Quantum Dot Constant Capacitance Simulator is a high-performance Python package that leverages the power of Rust and Rayon to provide a fully parallelised and optimised simulation environment for quantum dots with constant capacitance.
This package provides core functionality; it is not intended that the user will interact with it directly.
Features

Ultra-fast Simulation: Harnesses the speed of Rust and the parallelism of Rayon to deliver lightning-fast simulations.
Constant Capacitance: Specialized for simulating quantum dots with constant capacitance, allowing precise modelling of charge dynamics.
User-Friendly: Designed with ease of use in mind, making it accessible to both experts and newcomers in quantum dot simulations.
Extensive Documentation: Comprehensive documentation and examples to help you get started quickly.

Installation
Install Quantum Dot Constant Capacitance Simulator using pip:
pip install qarray-rust-core

Usage
This package exposes two functions to be called from python:

ground_state_open - computes the lowest energy state of a quantum dot array with constant capacitance and which is open, such that the total number of changes is not fixed.
ground_state_closed - computes the lowest energy state of a quantum dot array with constant capacitance and which is closed, such that the total number of changes is fixed.

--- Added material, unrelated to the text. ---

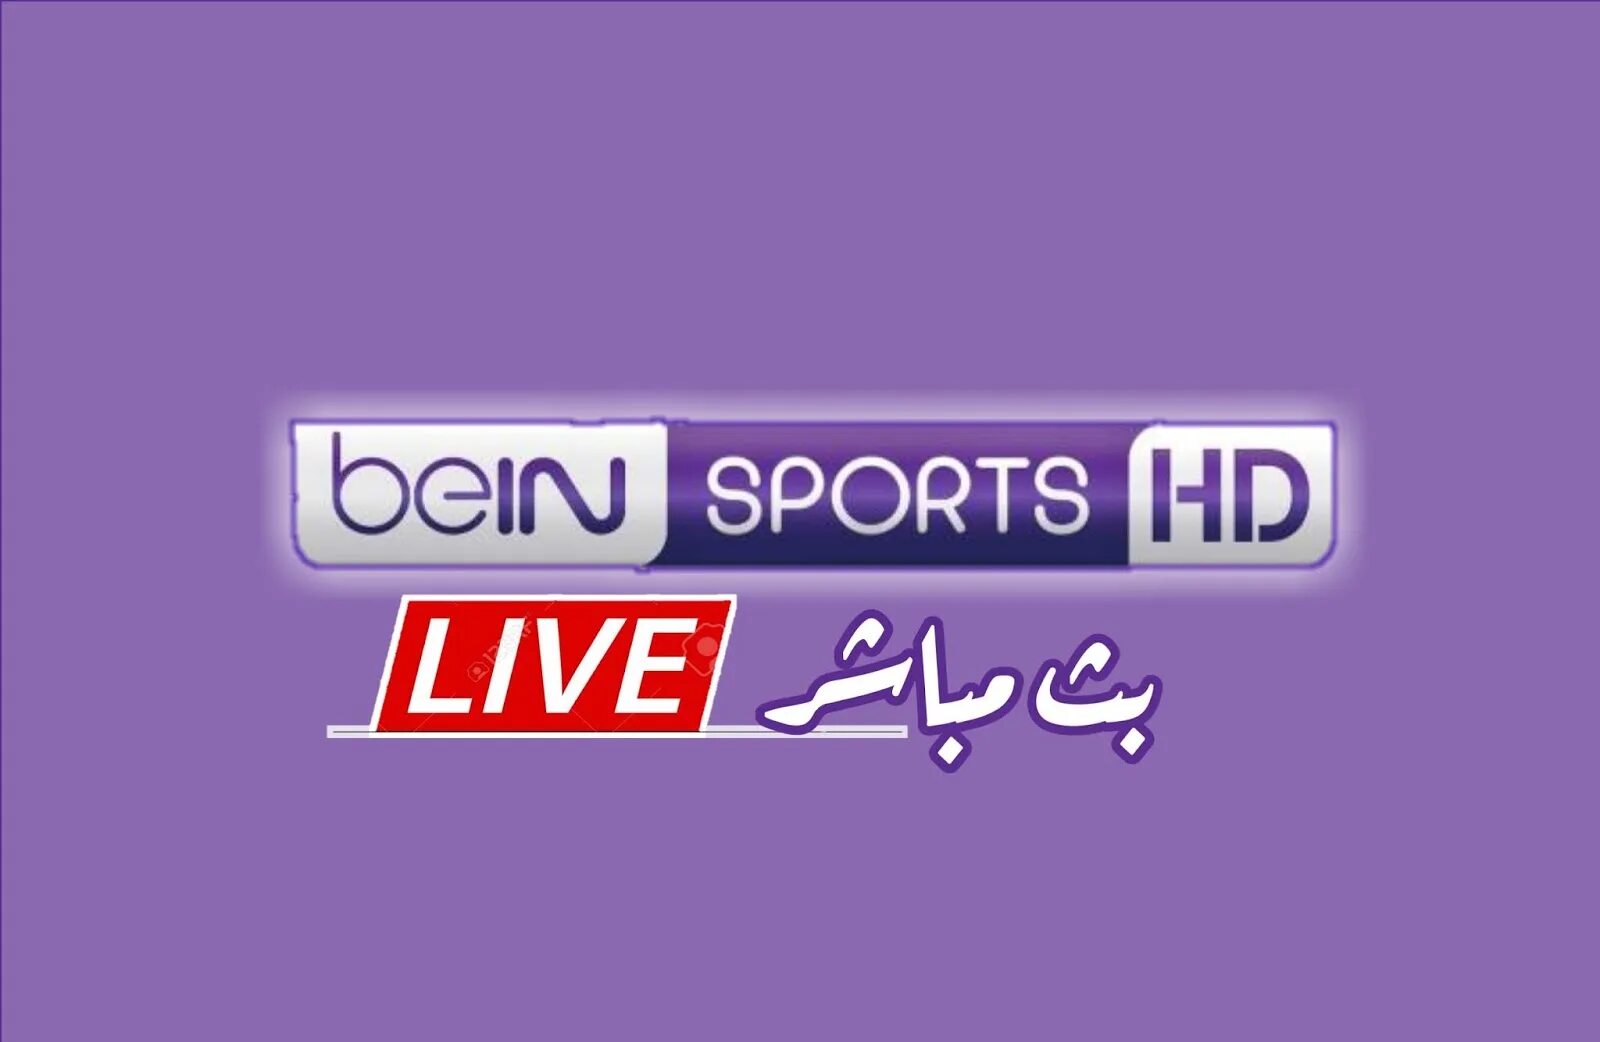 Koora Live. Bein Sport 2 Live. Bein sports live sport streaming
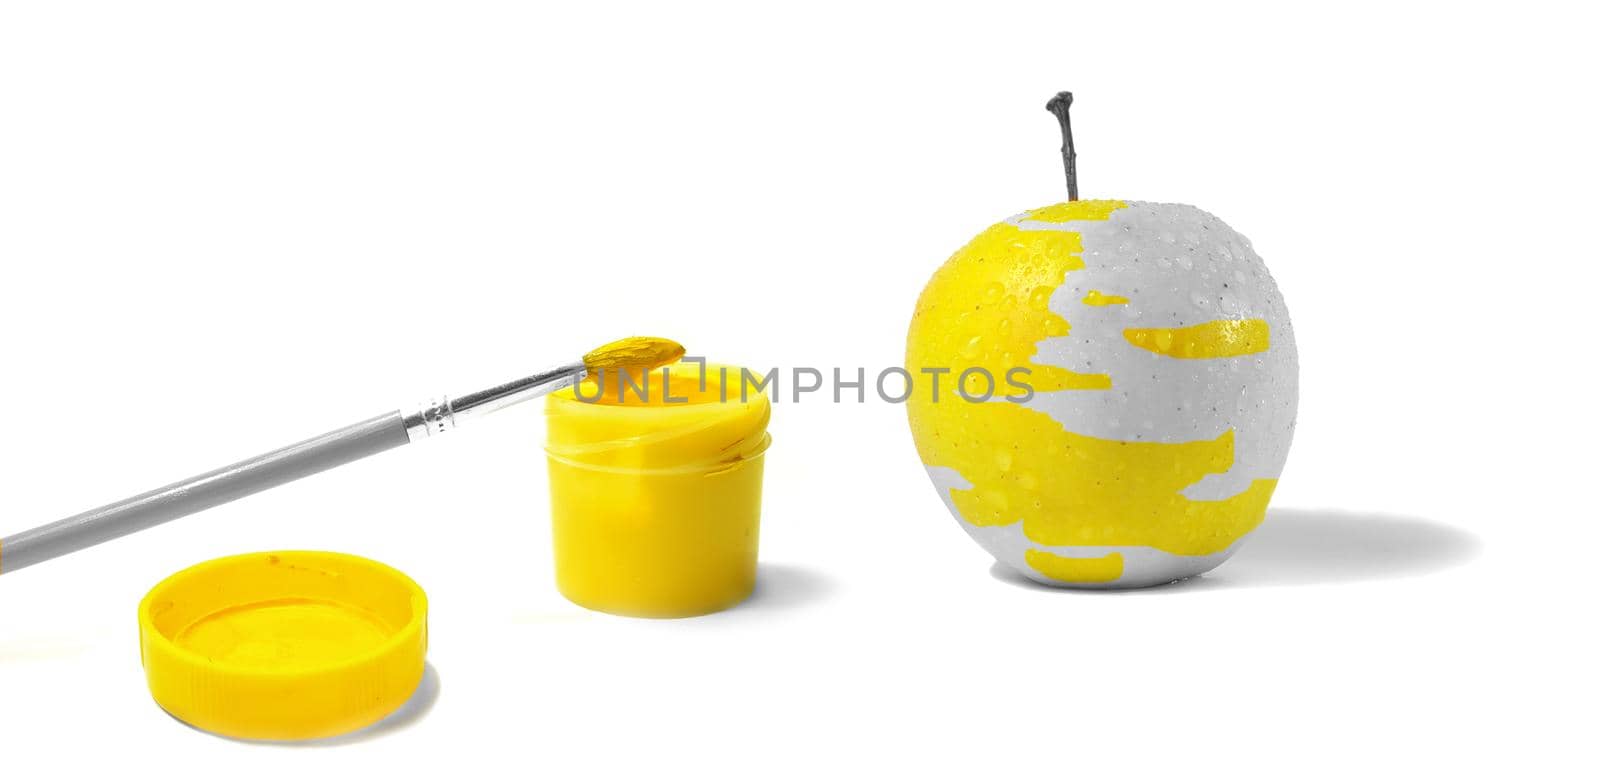 Yellow apple, gouache and brush by tan4ikk1

The python code to call these functions is as follows:
from qarray-rust-core import (ground_state_open, ground_state_closed)
import numpy as np

# the dot-dot capacitance matrix
cdd = np.array([
[1, -0.1],
[-0.1, 1]
])
cdd_inv = np.linalg.inv(cdd)

# the dot-gate capacitance matrix
cgd = np.array([
[1, 0.3],
[0.3, 1]
])

# define a matrix of gate voltages to sweep over the first gate
vg = np.stack([np.linspace(-1, 1, 100), np.zeros(100)], axis = -1)

n_charge = 3 # the number of changes to confine in the quantum dot array for the closed case
threshold = 1 # threshold to avoid having to consider all possible charge states, setting it 1 is always correct, however has a computatinal cost.

n_open = ground_state_open(vg, cgd, cdd_inv, threshold, T = 0)
n_closed = ground_state_closed(vg, n_charge, cgd, cdd, cdd_inv, threshold, T = 0)

It is not intended the user ever call these functions directly.
There is a pure Python wrapper that provides a more user-friendly interface to this core functionality.
See Quantum Dot Constant Capacitance Simulator. This package provides:

A user-friendly interface to the core functionality.
Plotting, charge sensing, virtual gate and gate voltage sweeping (1d and 2d) functionality.
Advanced type checking using pydantic.
Automated testing including for the functionality in this package.
More examples.